When the CPU needs to obtain data, the system determines whether the data is currently stored in cache memory, and if so, the data may be quickly retrieved therefrom. When cache memory is full, and new data is necessary for processing, data in the cache must be replaced or “overwritten” with the new data from main memory. The minimum unit of data that can be either present or not present in a cache memory is referred to as a “memory block”.
A “cache hit” is a situation where data, at the time it is being sought, is located in the cache memory. A cache hit yields a significant saving in program execution time. When the data being is sought is not contemporaneously located in cache memory, a “cache miss” occurs. A cache miss requires that the desired data be retrieved, in a relatively slow manner, from main memory and then placed in cache memory.

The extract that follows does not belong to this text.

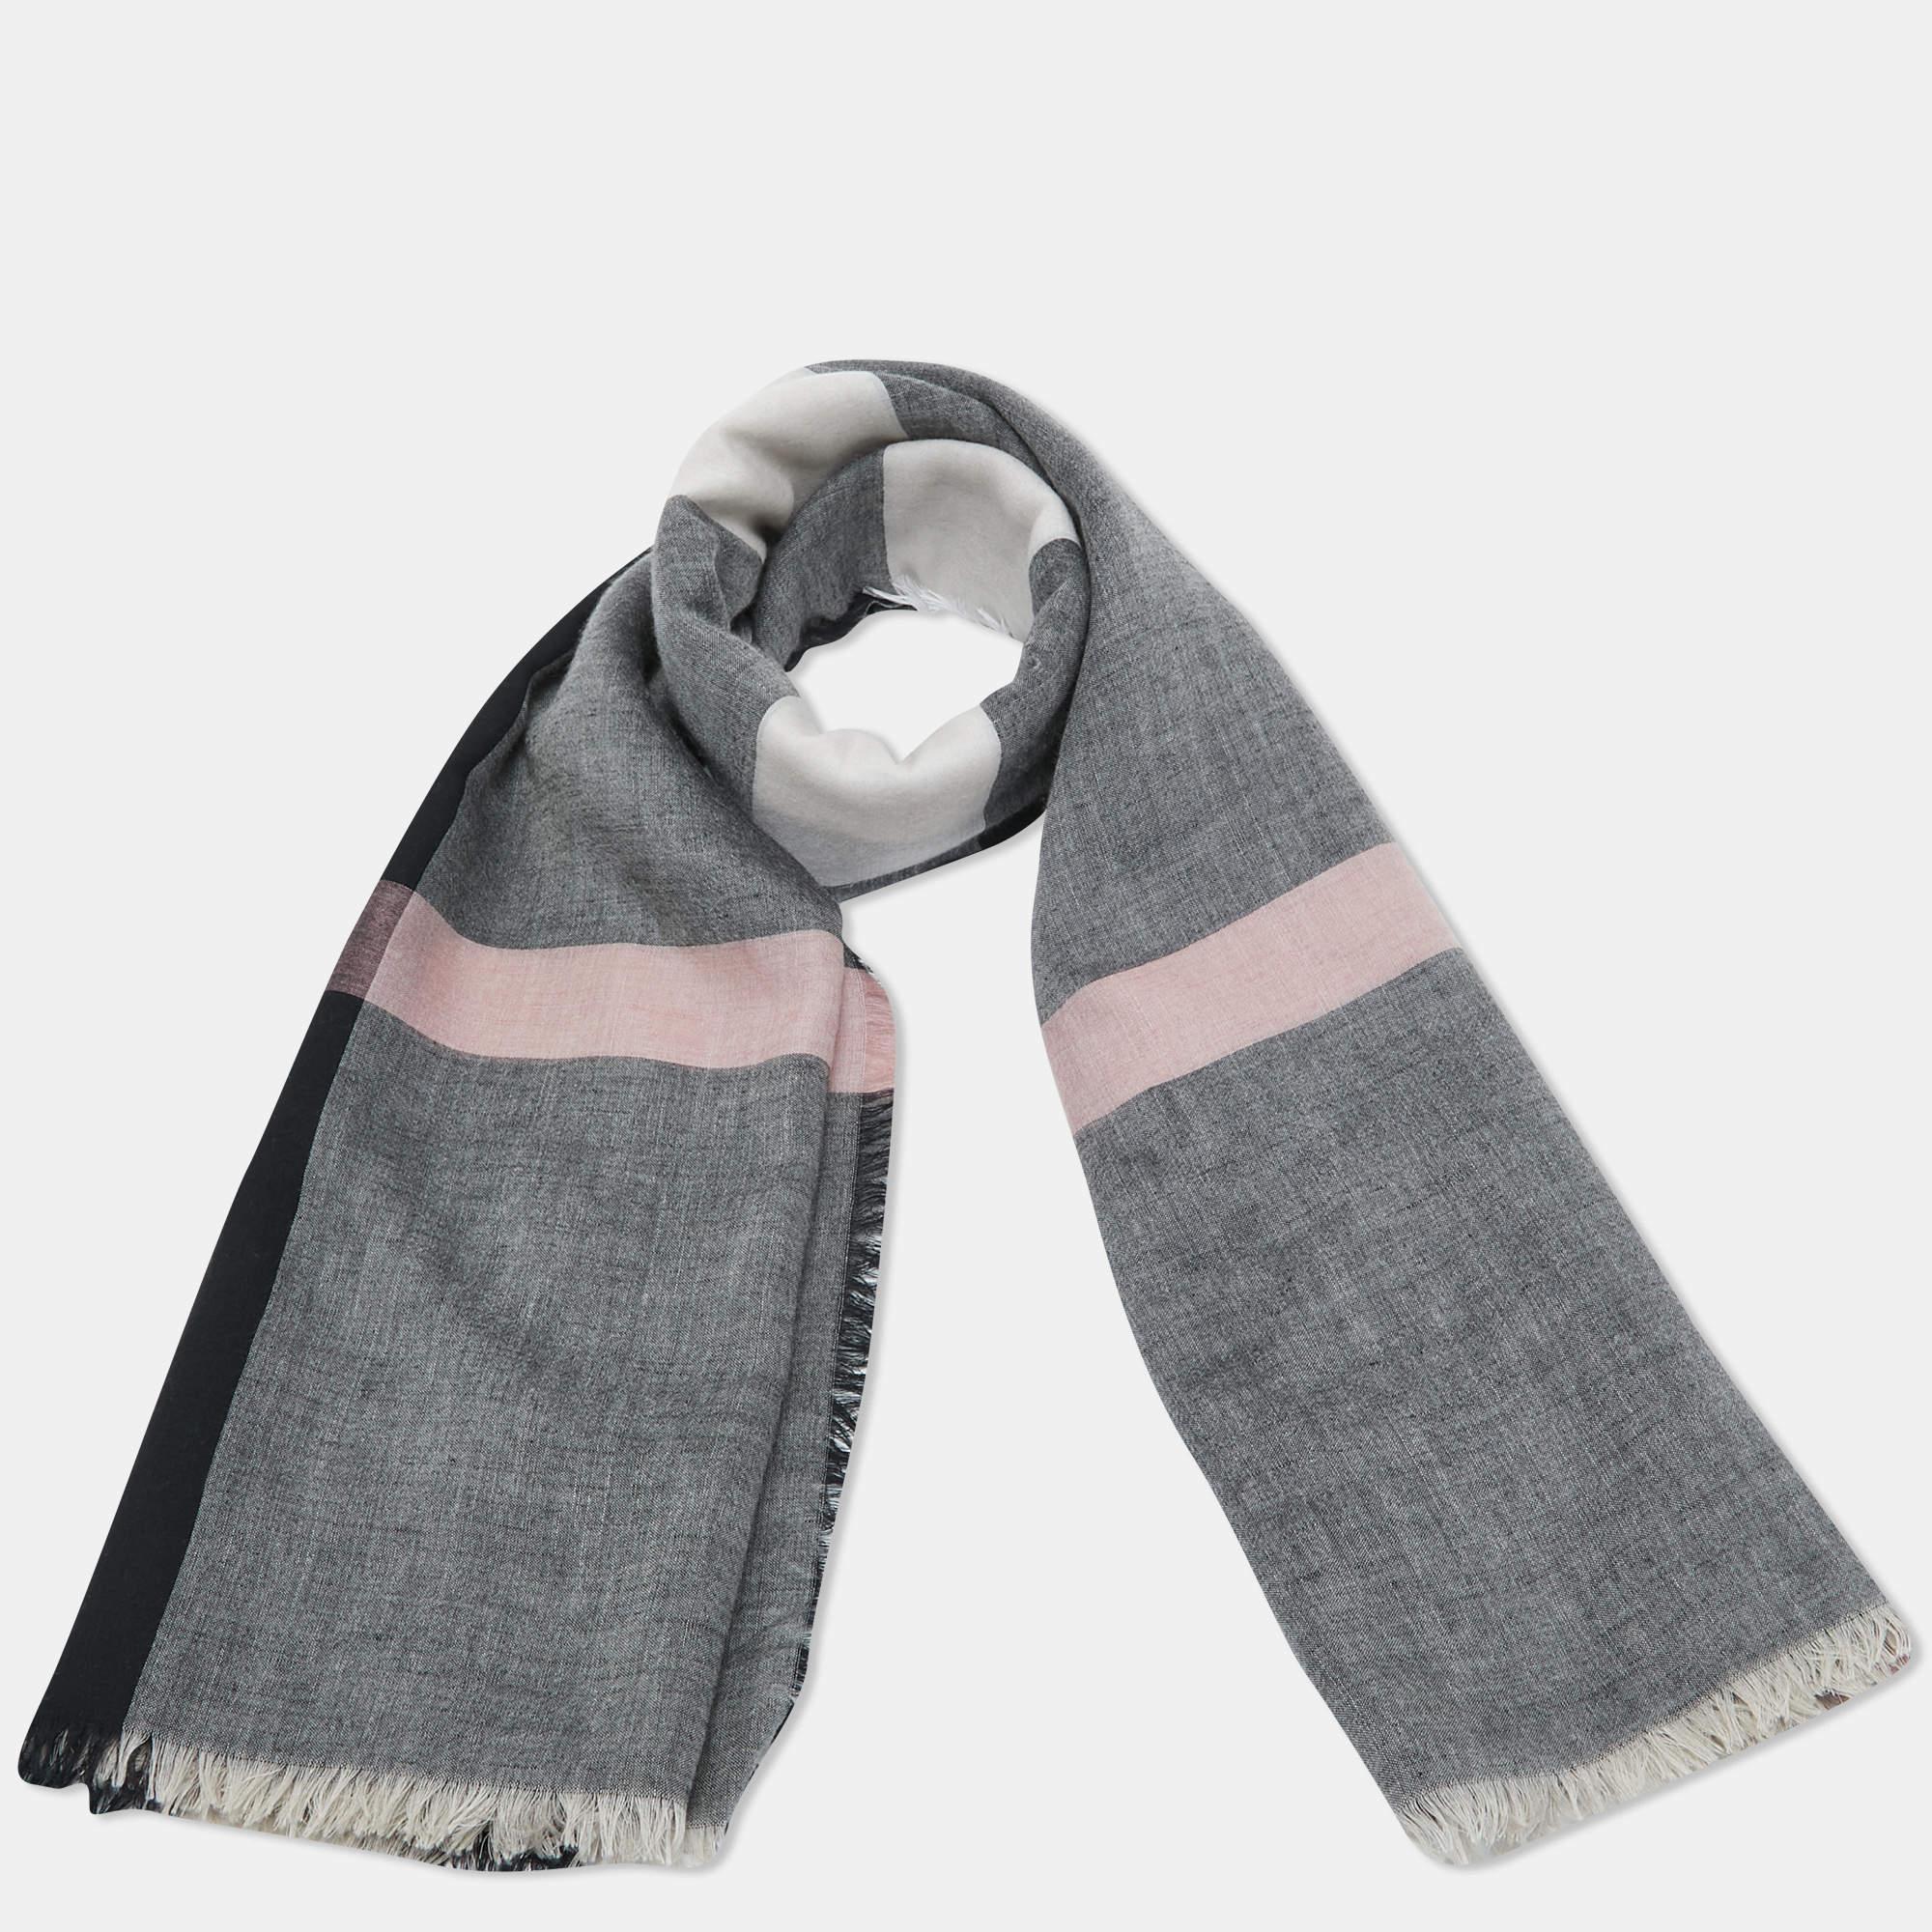 This lovely scarf is a fun way to accessorize your casual outfits and statement totes. This scarf from Burberry features an interesting design. It is cut from smooth fabric and will elevate all your looks.

Includes: Brand Tag

Data is stored in the cache based on what data the CPU is likely to need for or during execution of a next instruction. In addition to obtaining the data from the main memory, the desired data and data surrounding the desired data are copied from the main memory and stored in the cache. Typically, data surrounding the desired data is stored in the cache because there is a statistical likelihood that the CPU will need the surrounding data next. If the surrounding data is subsequently needed, it will be available for fast access in the cache memory.
Several factors contribute to the optimal utilization of cache memory in computer systems. These factors include, for example, (a) cache memory hit ratio, i.e., a probability of finding a requested item in cache, (b) cache memory access time, (c) delay incurred due to a cache memory miss, and (d) time required to synchronize main memory with cache memory, i.e., store-through. The computer engineering community has endeavored to develop techniques that are intended to improve cache memory utilization and efficiency.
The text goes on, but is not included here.